И второй, хотя, может, несколько менее яркий в случае Кознышева – невозможность или нежелание провести серьезный самоанализ:

Свияжский был один из тех, всегда удивительных для Левина людей, рассуждение которых, очень последовательное, хотя и никогда не самостоятельное, идет само по себе, а жизнь, чрезвычайно определенная и твердая в своем направлении, идет сама по себе, совершенно независимо и почти всегда вразрез с рассуждением [Там же: 345].

Наконец, из-за этого вытеснения того, что Толстой считал настоящими – духовными – проблемами, и их проекции на социальную плоскость, интеллектуальная жизнь становится наградой сама по себе. Но презренной наградой. Позднее в «Анне Каренине» Толстой показывает Кознышева, который после шести лет труда публикует скромно названный и все же явно претендующий на масштабность труд «Опыт обзора основ и форм государственности в Европе и в России». Нет ничего удивительного в том, что Кознышев ожидал, что «книга его появлением своим должна будет произвести серьезное впечатление на общество». «И если не переворот в науке» – таково его истинное желание, – «то во всяком случае сильное волнение в ученом мире».

Но книга оборачивается откровенным провалом.

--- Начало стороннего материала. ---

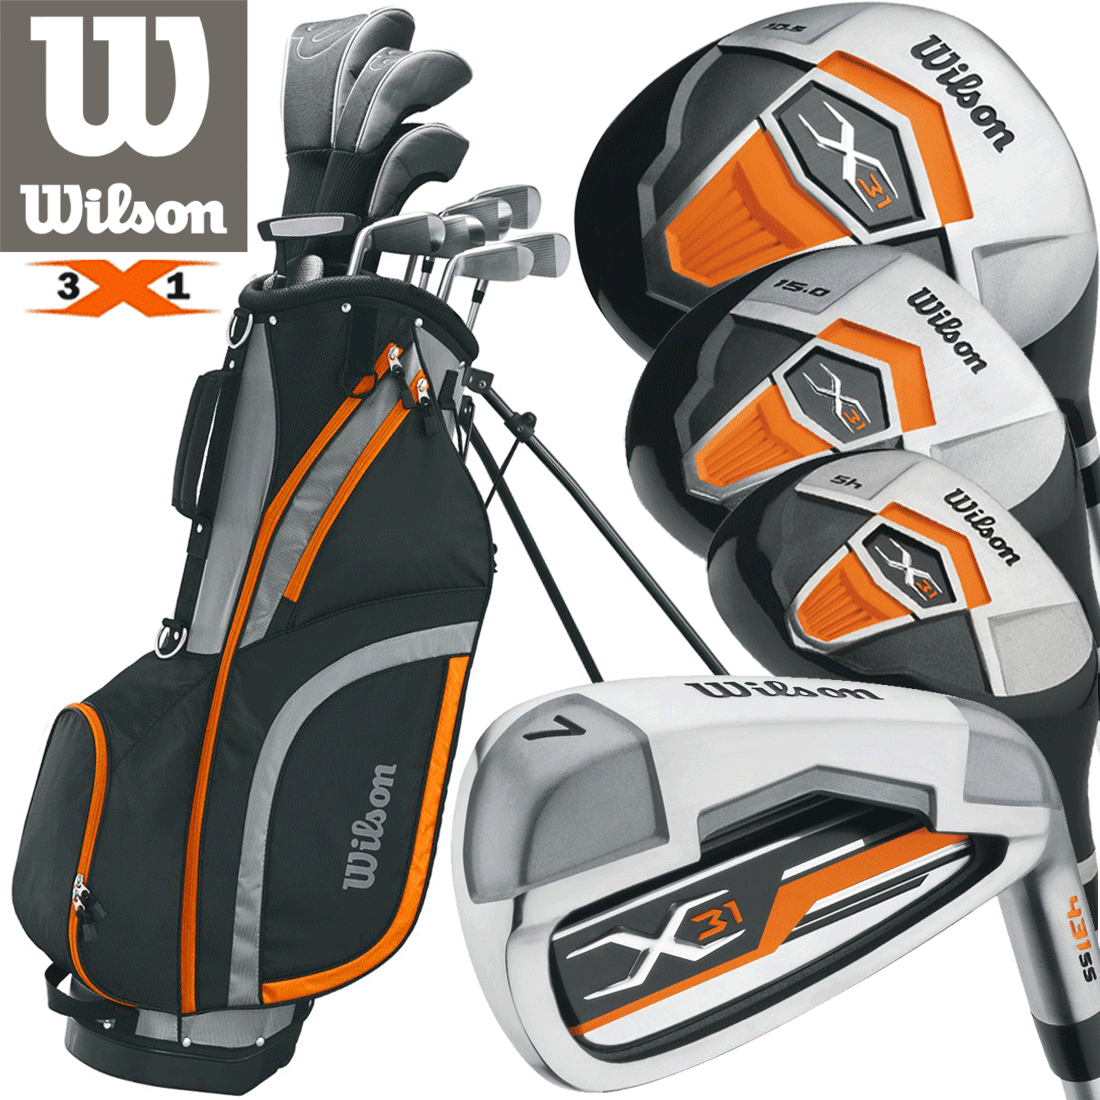 Wilson X31 Beginner Golf Set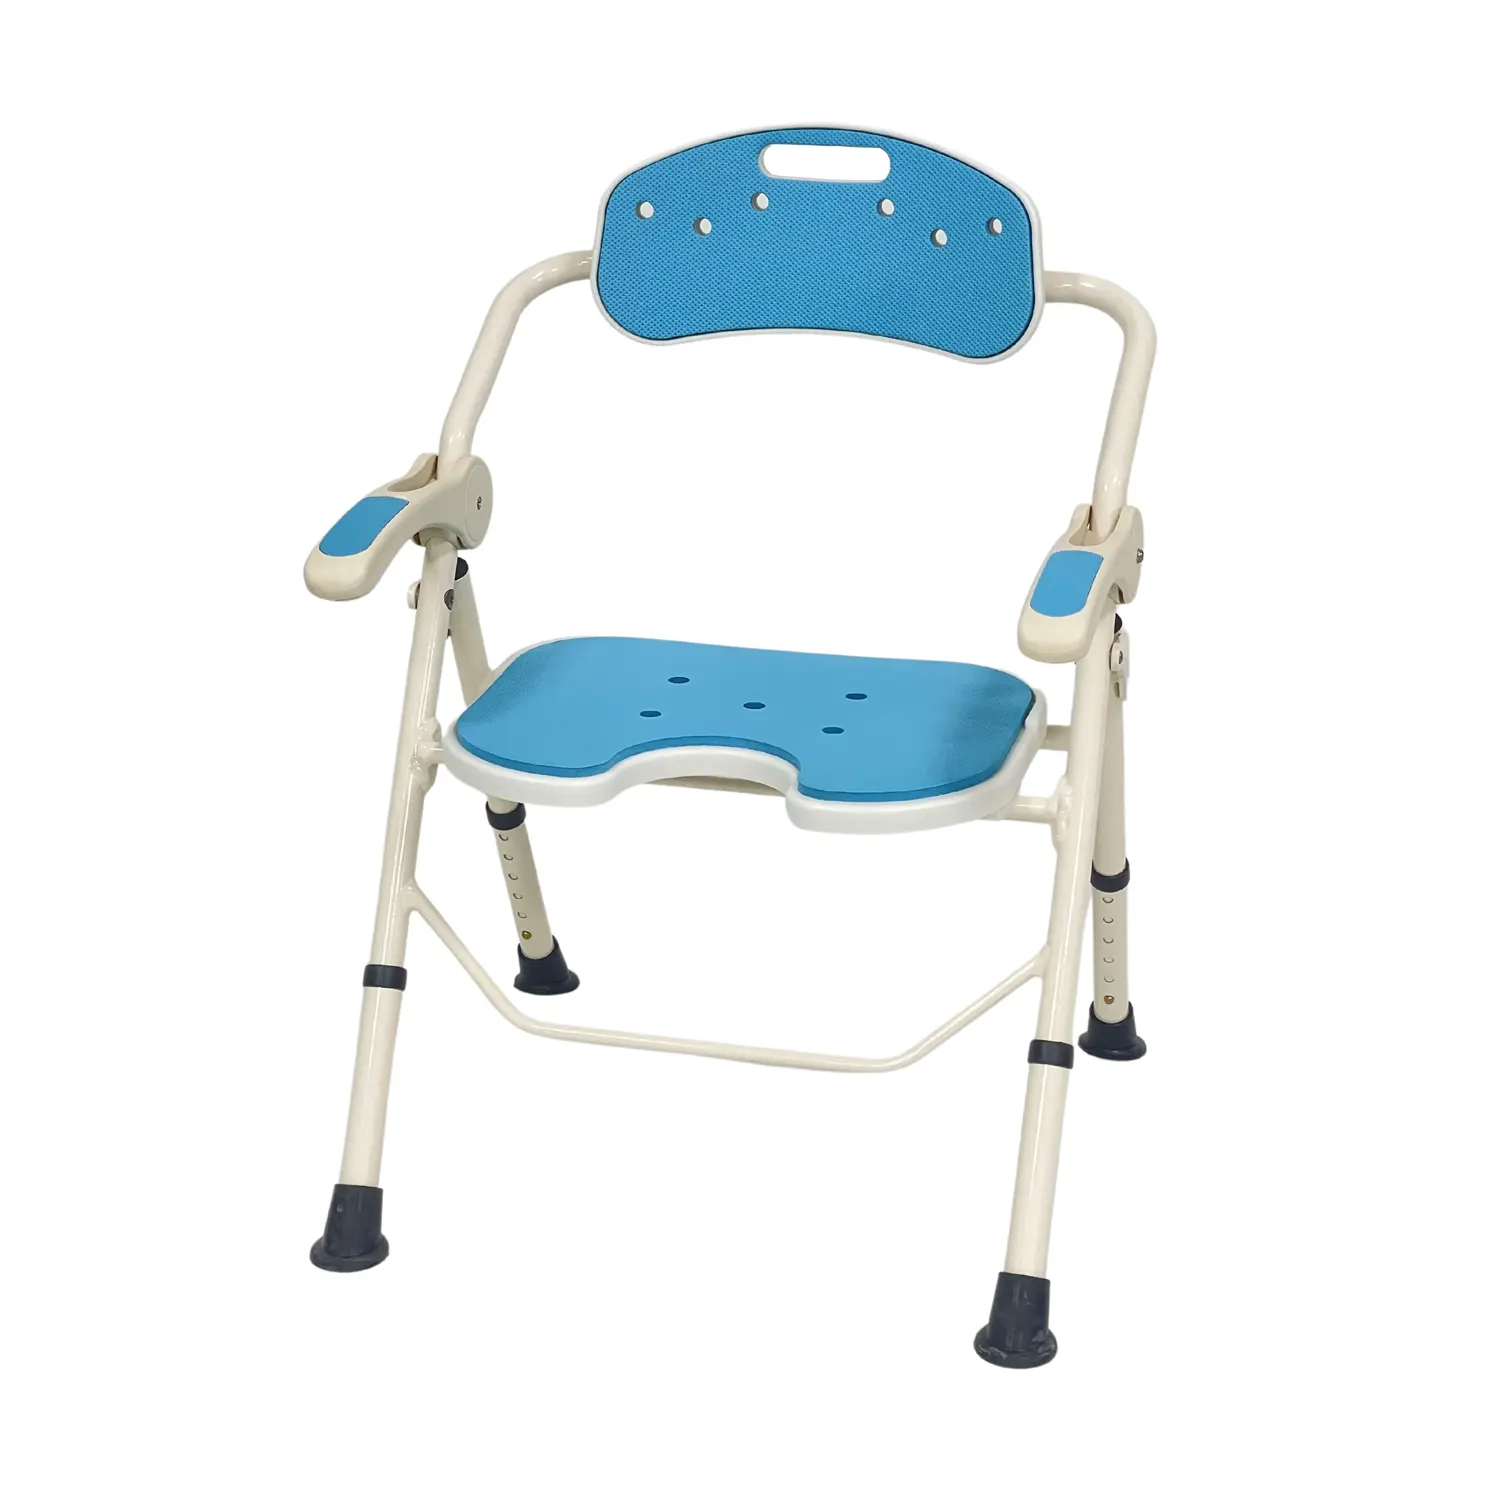 Silla de baño de Color azul de altura ajustable Bliss Medical, silla de baño, silla de ducha portátil para discapacitados con reposabrazos

Но прошла неделя, другая, третья, и в обществе не было заметно никакого впечатления; друзья его, специалисты и ученые, иногда, очевидно из учтивости, заговаривали о ней. Остальные же его знакомые, не интересуясь книгой ученого содержания, вовсе не говорили с ним о ней. И в обществе, в особенности теперь занятом другим, было совершенное равнодушие. В литературе тоже в продолжение месяца не было ни слова о книге. <…> …но прошел месяц, другой, было то же молчание. Только в «Северном жуке» в шуточном фельетоне о певце Драбанти… было кстати сказано несколько презрительных слов о книге Кознышева, показывавших, что книга эта уже давно осуждена всеми и предана на всеобщее посмеяние [Толстой 1935: 350–351].

«Наконец на третий месяц в серьезном журнале появилась критическая статья». Но она оказалась крайне отрицательной – и, по мнению Кознышева, была личной нападкой. «После этой статьи наступило мертвое, и печатное и изустное, молчание о книге, и Сергей Иванович видел, что его шестилетнее произведение, выработанное с такою любовью и трудом, прошло бесследно» [Там же: 351–352].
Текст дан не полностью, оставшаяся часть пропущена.